The Malaysian stock market has experienced a decline ahead of the upcoming holiday for the birth of the Prophet Muhammad, ending a brief two-day winning streak during which it gained only 3 points, or 0.2 percent. The Kuala Lumpur Composite Index (KLCI) now hovers just above the 1,575-point mark, raising concerns about potential further losses in the coming week.
Global sentiment is casting a shadow over Asian markets, primarily due to worries surrounding the U.S. economy’s health. This unease follows a downturn in both European and U.S. markets, which are similarly expected to see declines.
On Thursday, the KLCI closed slightly lower, dropping 0.37 points, or 0.02 percent, finishing at 1,578.15. The index oscillated between a low of 1,575.99 and a high of 1,581.89 throughout the trading session. Performance among various sectors was mixed, particularly among financial shares, plantation stocks, and telecommunications.
In terms of stock performance, several companies saw significant movements. 99 Speed Mart Retail fell by 1.57 percent, while AMMB Holdings rose by 0.55 percent. Axiata experienced a drop of 1.62 percent, although Celcomdigi showed resilience with a jump of 1.36 percent. CIMB Group added 0.97 percent, while Gamuda slipped by 0.89 percent. Other notable losses included Maxis, which plunged 1.66 percent, and Petronas Chemicals, which fell sharply by 2.33 percent. In contrast, MRDIY showed a strong performance, surging 2.60 percent, and several other firms, including PPB Group and Public Bank, reported modest gains.
The outlook seemed grim as Wall Street’s lead was lackluster, with major indices opening higher but quickly reversing course.
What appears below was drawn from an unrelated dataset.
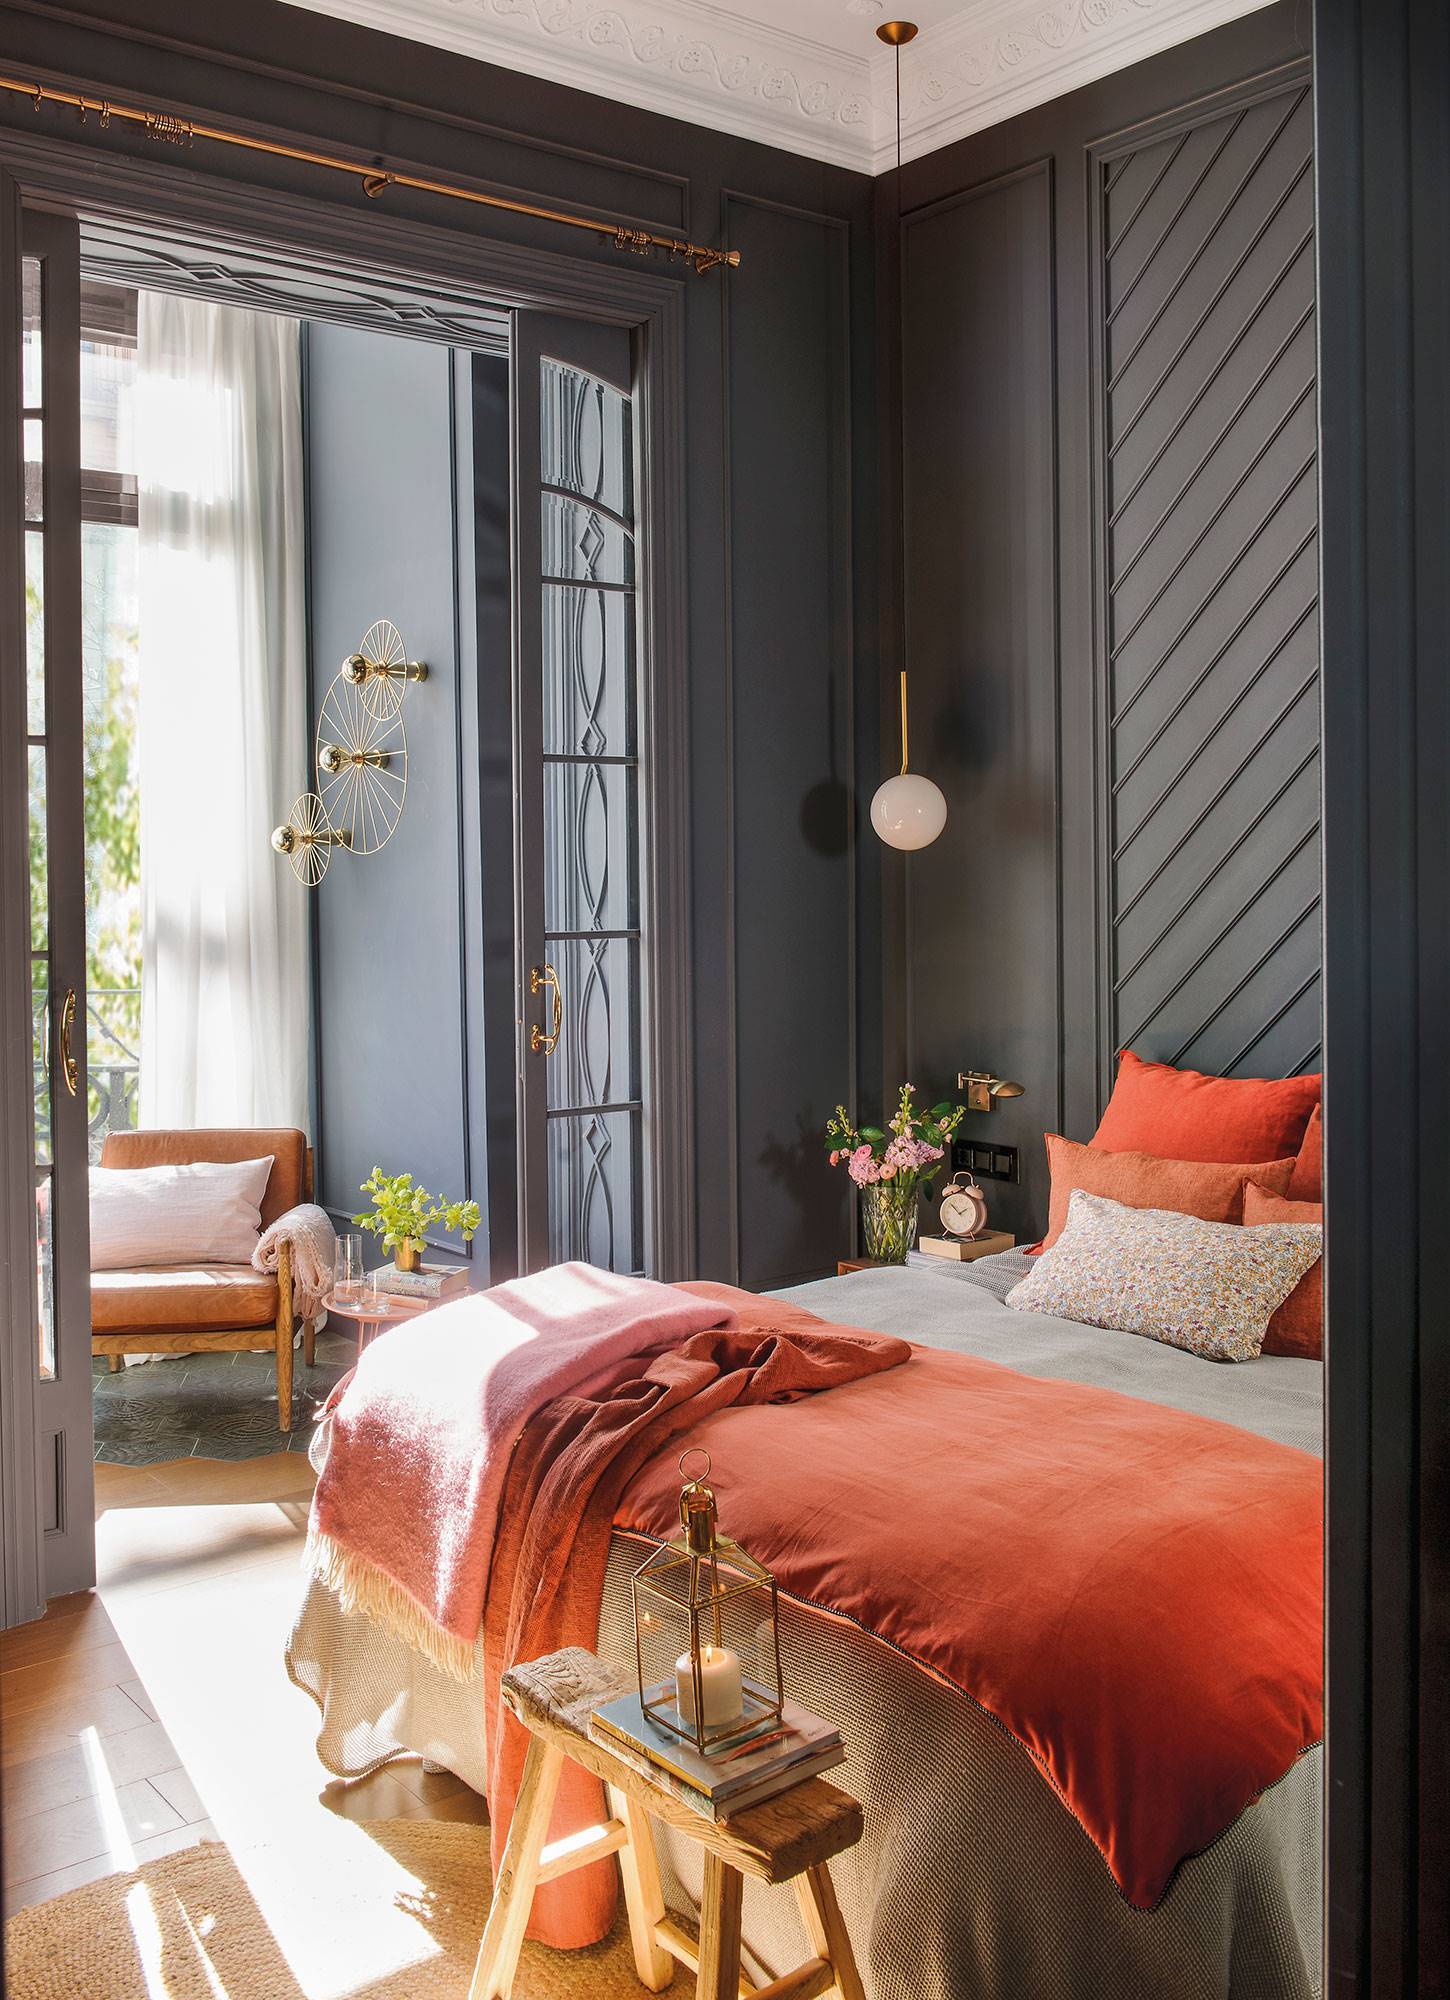 Combinación de colores oscuros y colores vivos en dormitorio principal.

The Dow Jones Industrial Average fell by 220.44 points, or 0.48 percent, to close at 45,400.86. The NASDAQ declined by 7.31 points, or 0.03 percent, finishing at 21,700.39, while the S&P 500 fell 20.58 points, or 0.32 percent, ending at 6,481.50. Despite this week’s mixed performance—wherein the NASDAQ and S&P posted slight gains—the overall sentiment remains cautious.
Market reactions to the U.S. Labor Department’s report on job growth for August were initially positive, as traders hoped this weak data might motivate the Federal Reserve to consider cutting interest rates. However, optimism faded quickly due to lingering concerns about the broader economic outlook.
Additionally, crude oil prices experienced a sharp decline, exacerbated by rising oversupply concerns before OPEC’s scheduled meeting, where the group decided to increase production. West Texas Intermediate crude prices dropped $1.64, or 2.58 percent, settling at $61.84 per barrel.
As the market heads into the holiday weekend, investors remain wary, with many anticipating further volatility in the coming days.